Дядя Дима тоже качнулся, поднял голову и сказал спокойно: – Прилетели!

И тут под самолетом вместо зеленого лохматого ковра блеснула ярко-синяя полоса, стремительно надвинулась на окна. Зине показалось, что сейчас они врежутся в воду, но самолет плавно развернулся и быстро заскользил по реке.

Рев моторов затих. На берегу стояли люди и махали шапками. Пилоты открыли дверку и спустили лесенку прямо в воду.

С берега к самолету шли лодки. На передней алюминиевой шлюпке греб рослый плечистый парень в рубашке без пояса. Он сильно взмахивал веслами и оглядывался через плечо на самолет.

Подогнав лодку к лесенке, парень ухватился за нее и протянул руку дяде Диме, стоявшему в дверях.

– С приездом, товарищ Вихорев!

– Спасибо, Семен! Ну-ка, принимай чемоданчик.

– Тут что? – поинтересовался Семен. – Запчасти?

– Запчасти, – ухмыльнулся дядя: – чемодан был с Зиниными вещами. Смотри, в воду не урони.

Семен установил чемодан в носу лодки, помог дяде спуститься и тогда уже увидел на лесенке Зину. Она стояла на ступеньке, в нерешительности поглядывая на лодку, которую сильно раскачивала быстрая речная волна.

– Ну, что же ты, Семен, – заметил дядя, – девушек, что ли, не видал. Племянница моя в гости приехала. Помоги ей, а то как бы в воду не кувыркнулась.

Семен вытер громадную ручищу о штаны, замазанные машинным маслом. Неуклюже поддерживая Зину за локоть, усадил ее в носу лодки и взялся за весла.

– К пристани? – спросил он.

– Давай прямо к берегу – сказал дядя. – Тут к дому ближе.

К самолету уже подплывала тяжелая дощатая лодка за грузом. На ней гребли, сильно засаживая весла в воду, две девушки в платочках, краснощекие, как матрешки.

Они с любопытством оглядели Зину, потом одна из них опустила платок на шею и насмешливо запела:

Девка в лодочке каталась,
А под лодкою вода.
Девка юбку подмочила
Перевозчику беда...

И уже обе вместе подхватили задорный припев

Перевозчик молодой
Юбку сушит над водой...

Семен с неудовольствием покосился на них. Девушки рассыпались звонким смехом.

Зина чувствовала себя не особенно ловко, но сделала вид, что песенка ей понравилась. Дядя сидел с каменным лицом, и только в глазах его дрожали веселые искорки.

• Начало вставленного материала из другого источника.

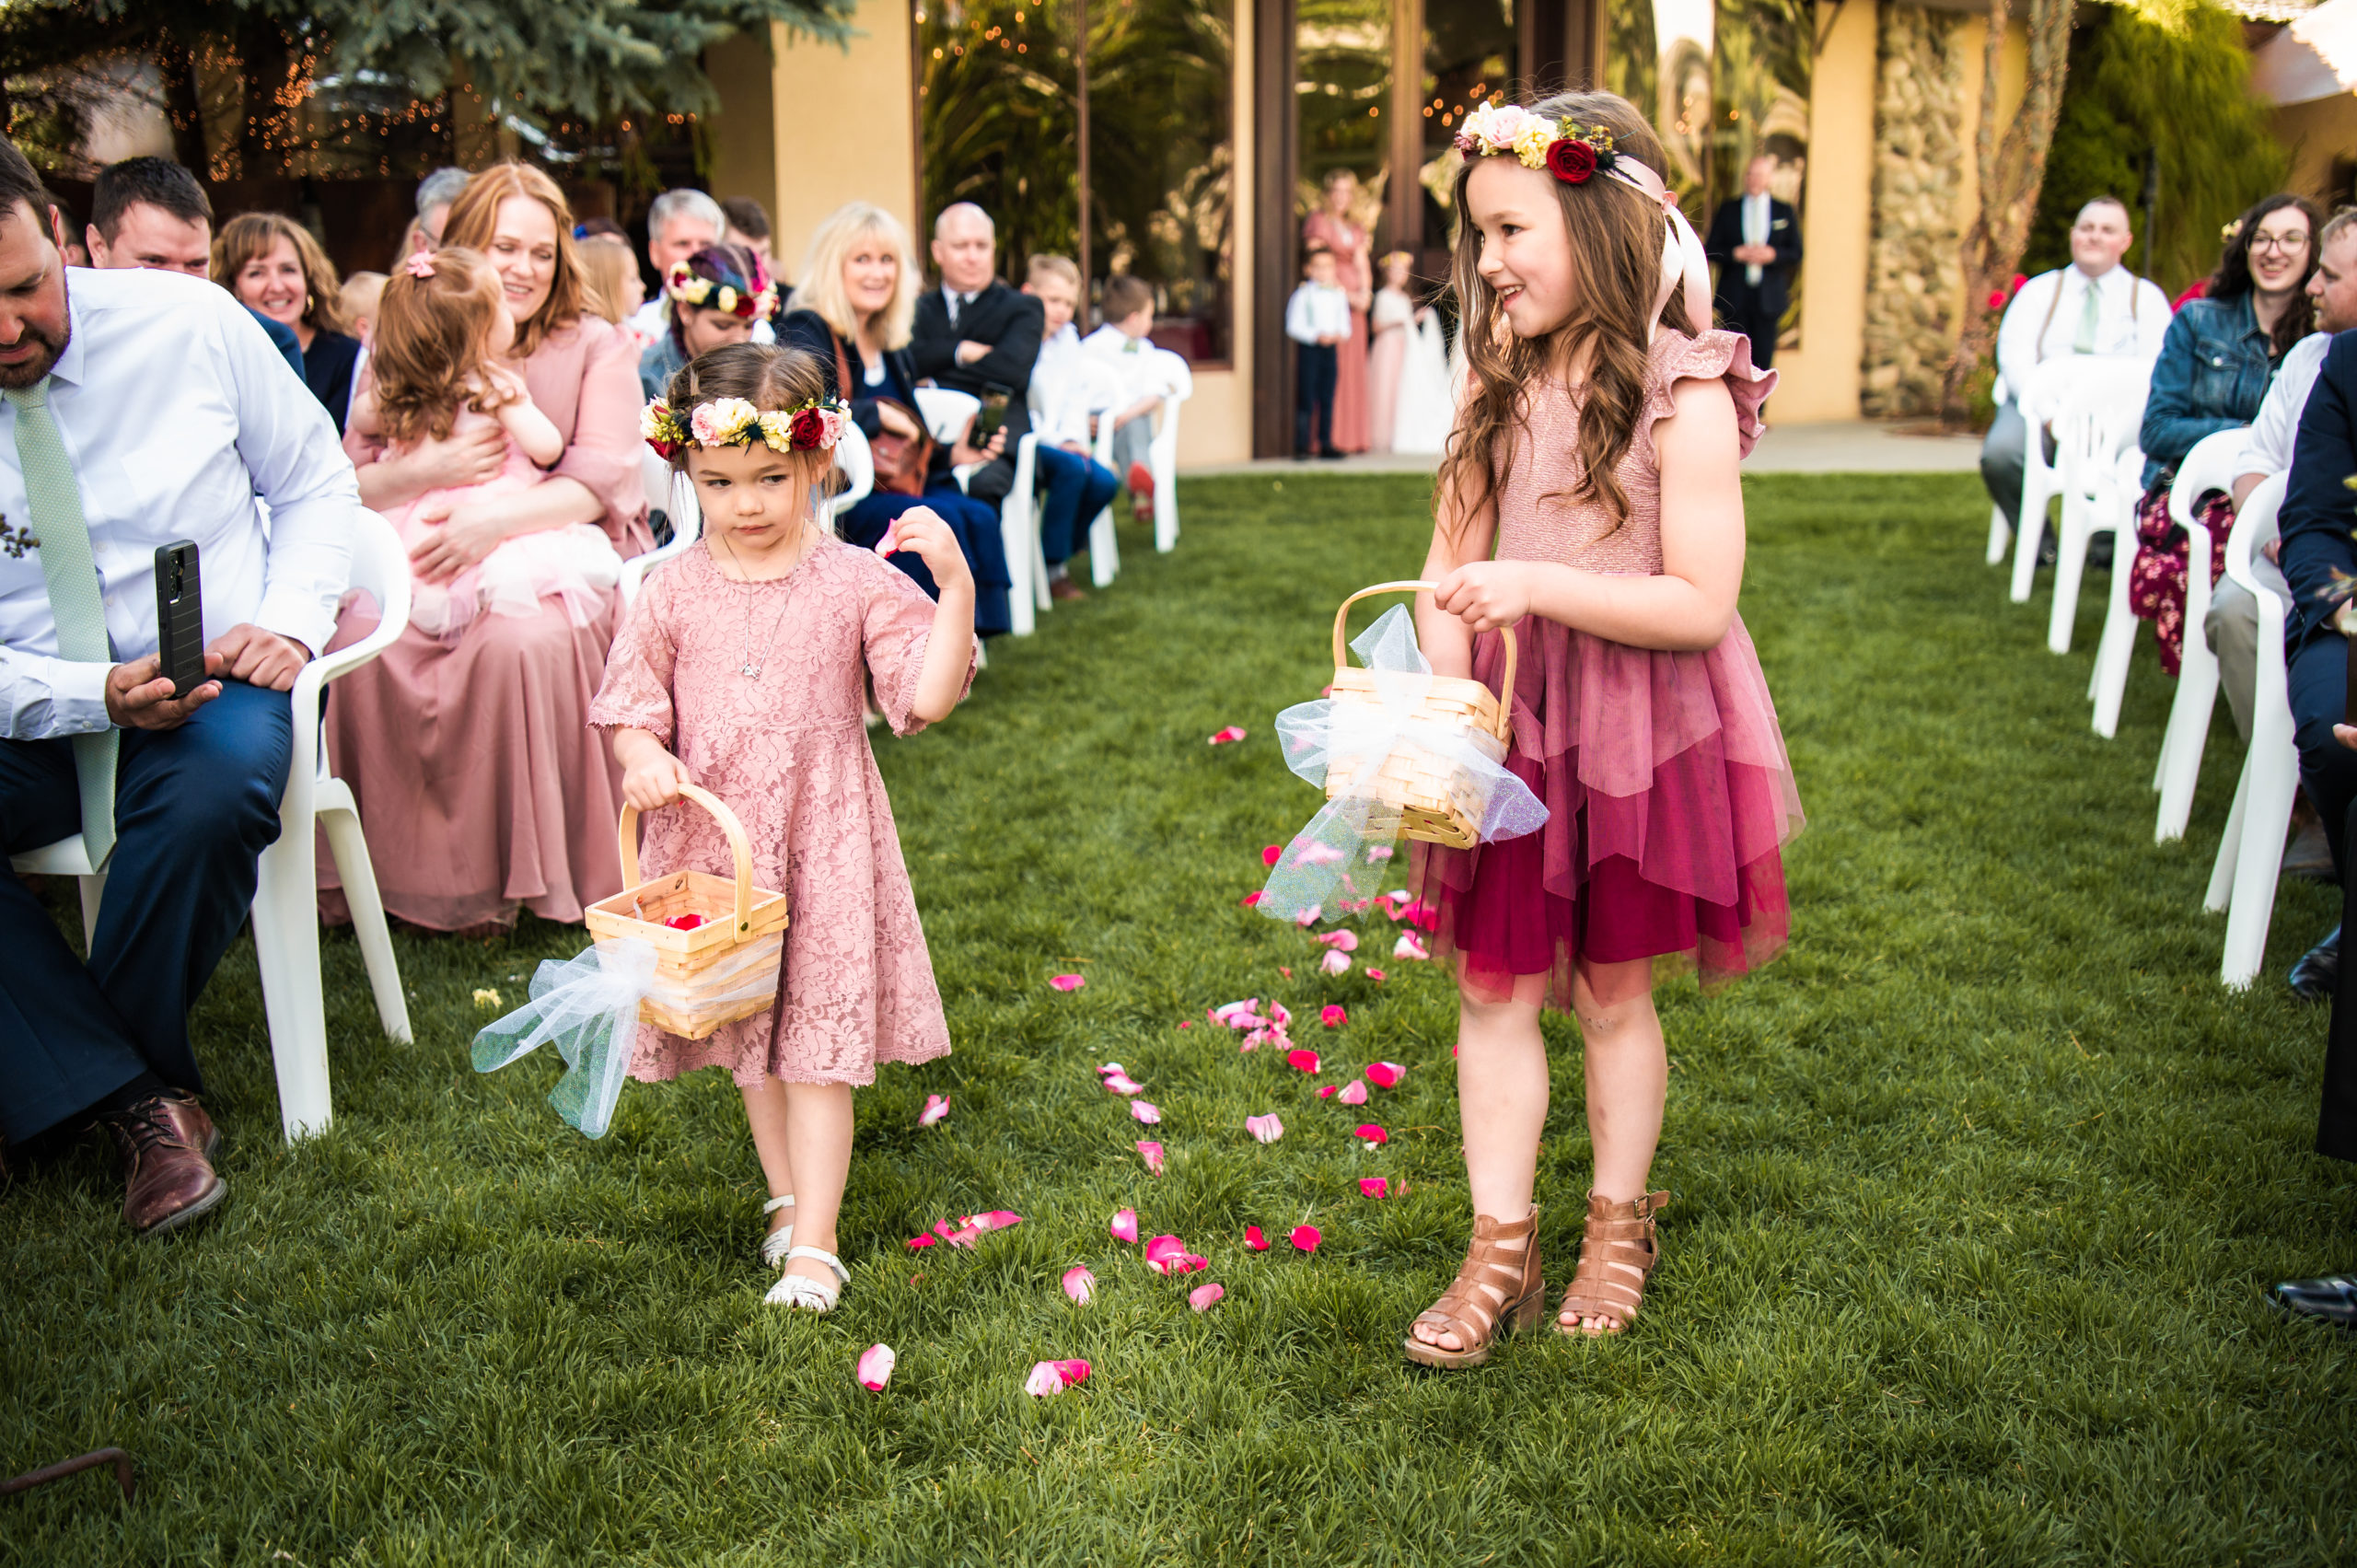 Flower girls at elegant rose river wedding reception center wearing shades of pink tossing flowers

Лодка уже подходила к берегу. Дощатая пристань осталась далеко вниз по реке. В том месте, где они собирались высадиться, на берегу не было даже мостков. Не дойдя до пологого берега, лодка задела дно и остановилась.

Дядя Дима, забрав чемодан и рюкзак, шагнул прямо за борт и направился к берегу, с усилием выдирая сапоги из вязкого засасывающего ила. Семен тоже вылез в воду и сейчас стоял, поглядывая в замешательстве то на Зину в ее светлых туфлях и чулках, то на спину удаляющегося Вихорева.

Зина поняла, что начинает рассчитываться за свой отказ надеть сапоги. Она собиралась скинуть туфли и следовать за дядей. В это время он крикнул с берега.

– Ну, что вы там? Эх, Семен, Семен. И за что тебя девки любят? Видишь, гостья сама перебраться не может, забирай ее в охапку и тащи.

По чугунной шее Семена пошли багровые пятна. Он переступил ногами в воде.

– Перенести вас придется. Видите, что тут.

– Я сама, – заявила Зина.

– А босиком нельзя. Тут в тине камешков вострых много попадается. Запросто ногу попортить можете.

Зина прикусила губу. – Ну что ж, – согласилась она. – Тогда несите.

Руки у Семена были твердые, как каменные сваи.

Осторожно он донес Зину до берега и опустил осторожно, словно боялся, что она может рассыпаться.

А дядя уже шел, не оглядываясь, по низкому берегу, заросшему осокой. Зина шагнула следом. Острые каблуки сразу врезались в сырой глинистый грунт и надежно, как приклеенные, застряли в нем. Зина попыталась сделать еще шаг, пряжка оборвалась, и нога выскочила из туфли.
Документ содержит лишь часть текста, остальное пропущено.